Inhibition of inappropriate responses is an essential executive function needed for adaptation to changing environments. Response inhibition has most often been investigated using a stop-signal paradigm (Logan and Cowan, 1984). Prior neuropsychology (Aron et al., 2003) and neuroimaging (Rubia et al., 2001; Aron and Poldrack, 2006; Li et al., 2006a; Leung and Cai, 2007) studies have revealed the neural basis of this function in brain regions including the inferior frontal gyrus (IFG), dorsolateral prefrontal cortex (DLPFC), and intraparietal sulcus (IPS). With the stop-signal paradigm, subjects press a button while they prepare to stop at a stop-signal given suddenly after a short delay period [stop-signal delay (SSD)]. Performance is modeled as a race between a “go process” triggered by presentation of a go stimulus, and a “stop process” triggered by presentation of a stop signal (Logan and Cowan, 1984). When the stop process finishes before the go process, the response is inhibited; when the go process finishes before the stop process, the response is made.
The time required for the stop-signal to be processed, which is called the stop-signal reaction time (SSRT) and reflects the effectiveness of the response inhibition, is estimated for individual subjects in the context of the race model.

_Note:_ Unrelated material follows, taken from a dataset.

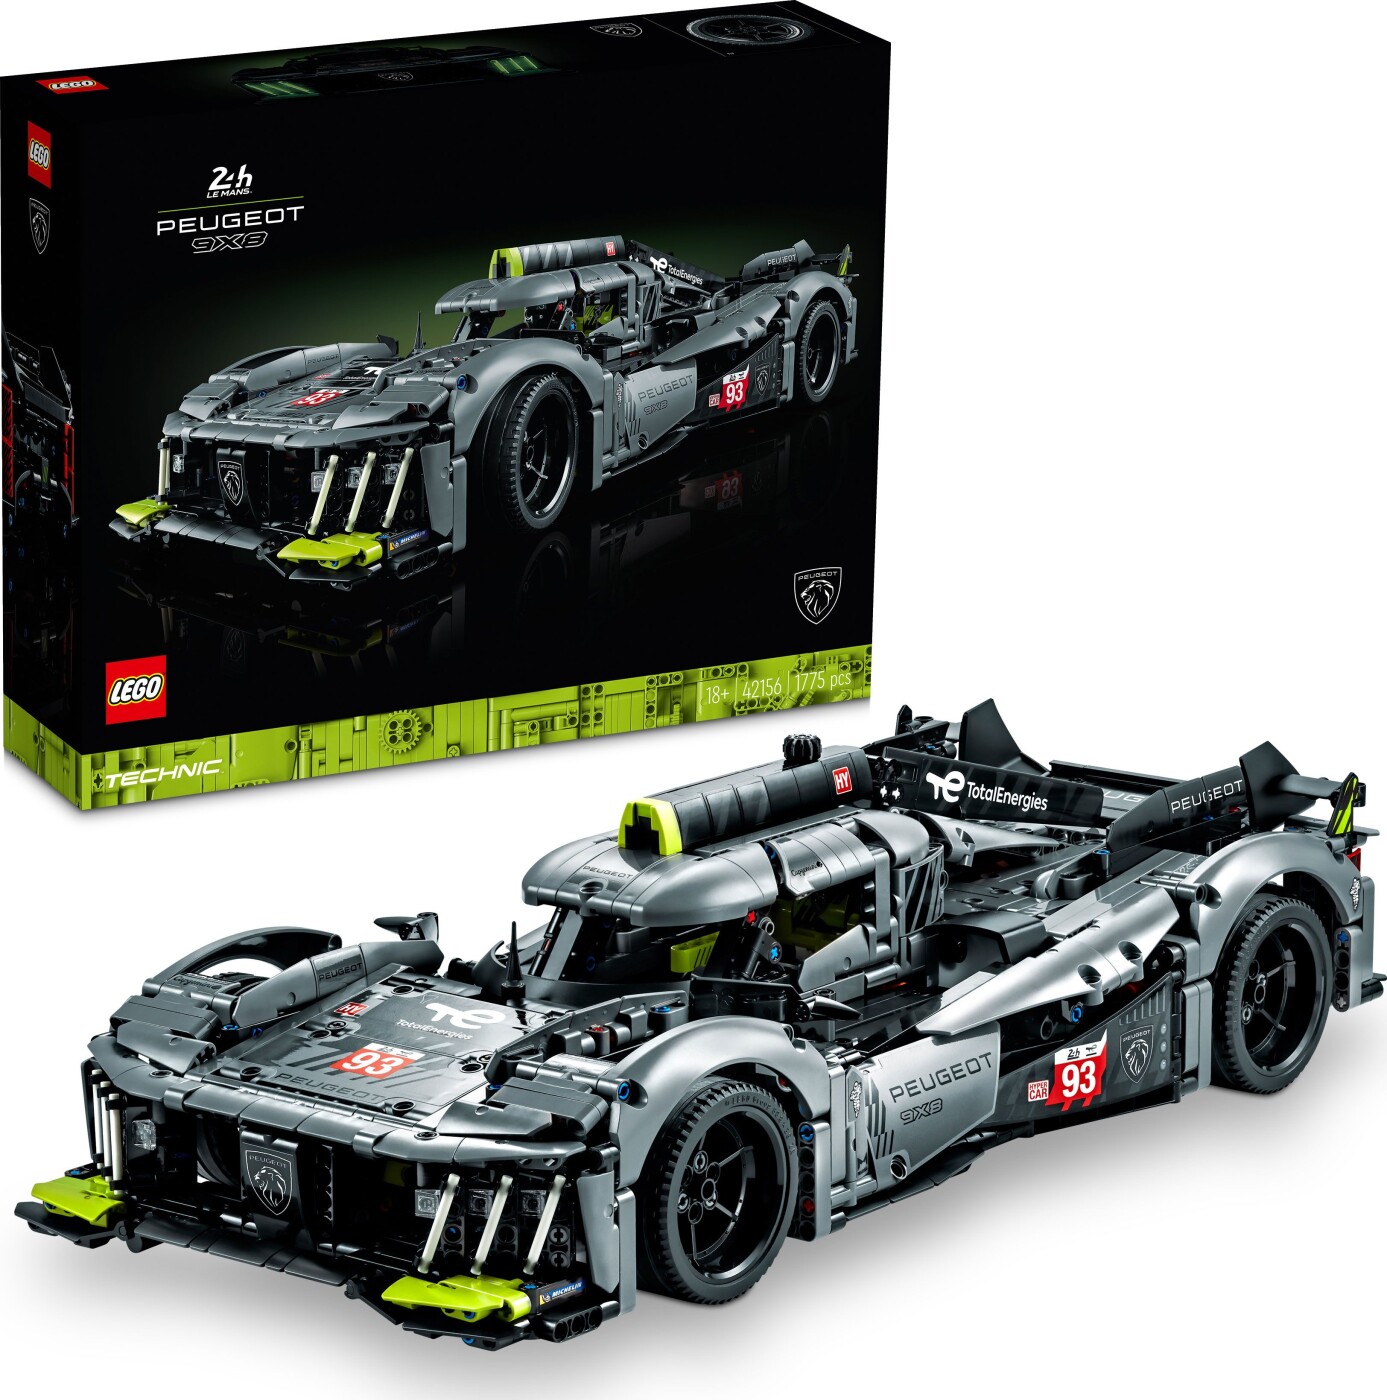 Billede af Lego Technic - Peugeot 9x8 24h Le Mans Hybrid Bil - 42156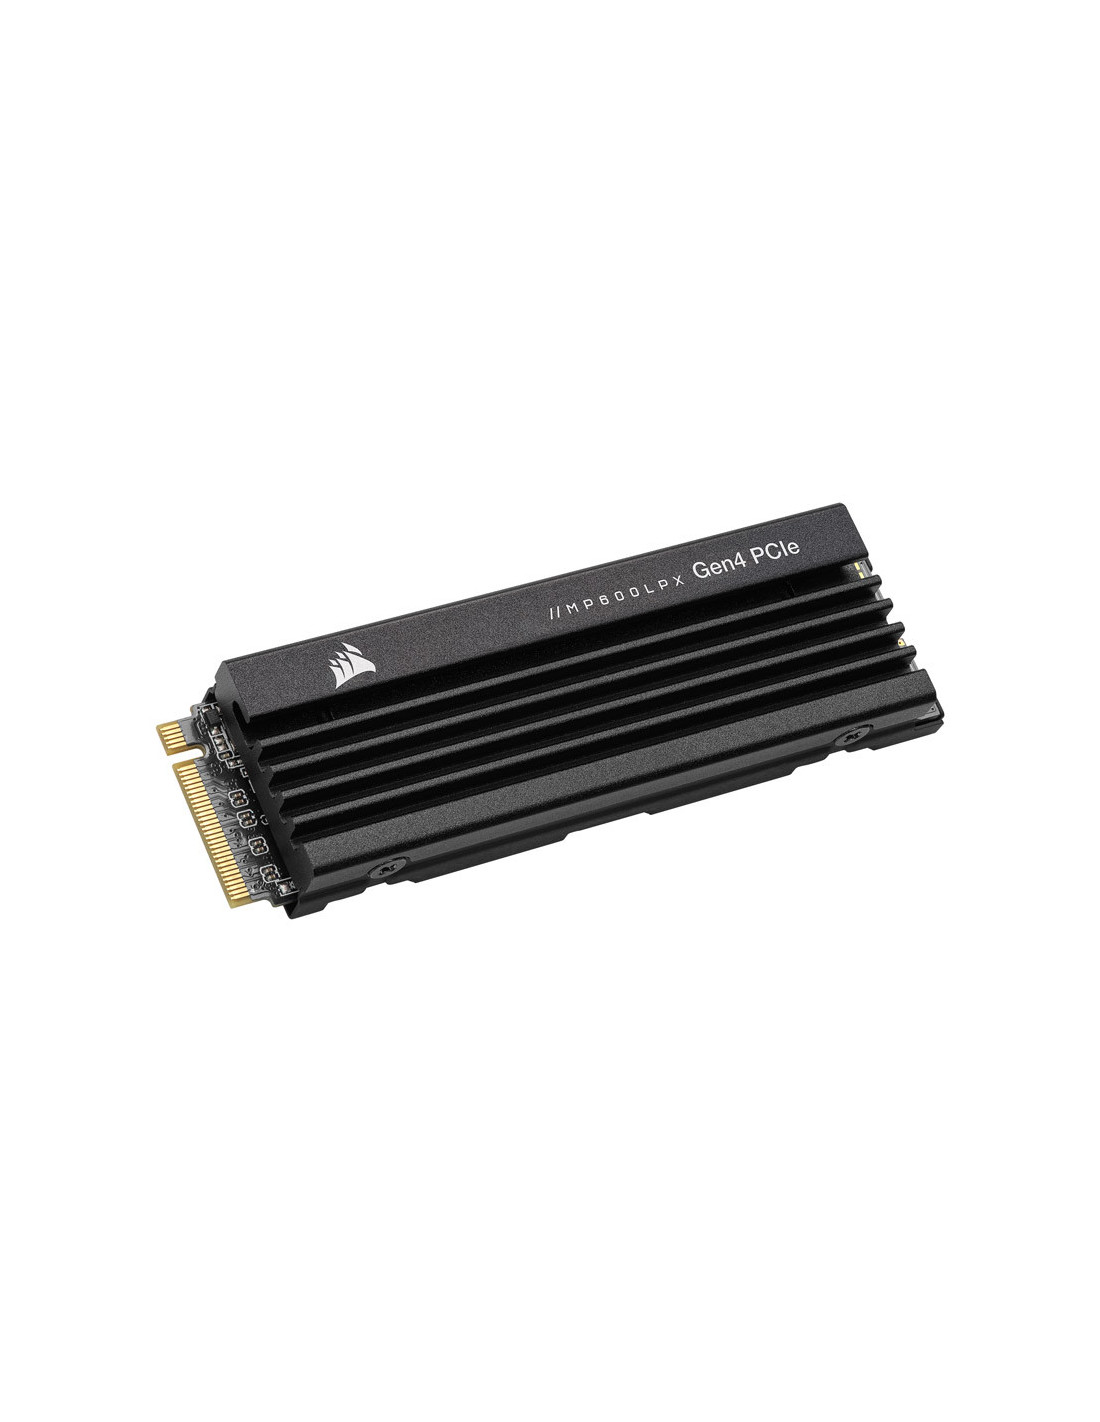 CORSAIR MP600 PRO LPX 1TB/2TB Gen4 PCIe x4 NVMe M.2 SSD 2280

Notably, although the SSRT is posited to be a robust indicator independent of subjects' strategies (Logan and Cowan, 1984), it remains controversial whether or not that is always the case (Leotti and Wager, 2009). This inconsistency may stem from differences in extent of the preparation across subjects (Rieger and Gauggel, 2002). However, most of these earlier studies did not employ a task design in which the extent of the preparation to stop could be estimated. Consequently, it remains unclear whether the preparatory process before stop-signals influences the processes recruited during response inhibition. Moreover, prior neuroimaging studies have revealed that the brain regions activated by task performance overlap with the brain regions activated during preparation to perform the task (Brass and von Cramon, 2002; Sakai and Passingham, 2006). In particular, a frontoparietal network including the DLPFC and IPS is involved in both inhibition and preparation to inhibit (Hester et al., 2004; Fassbender et al., 2006b), which raises the possibility that the efficiency of response inhibition may be influenced by the preparatory processes.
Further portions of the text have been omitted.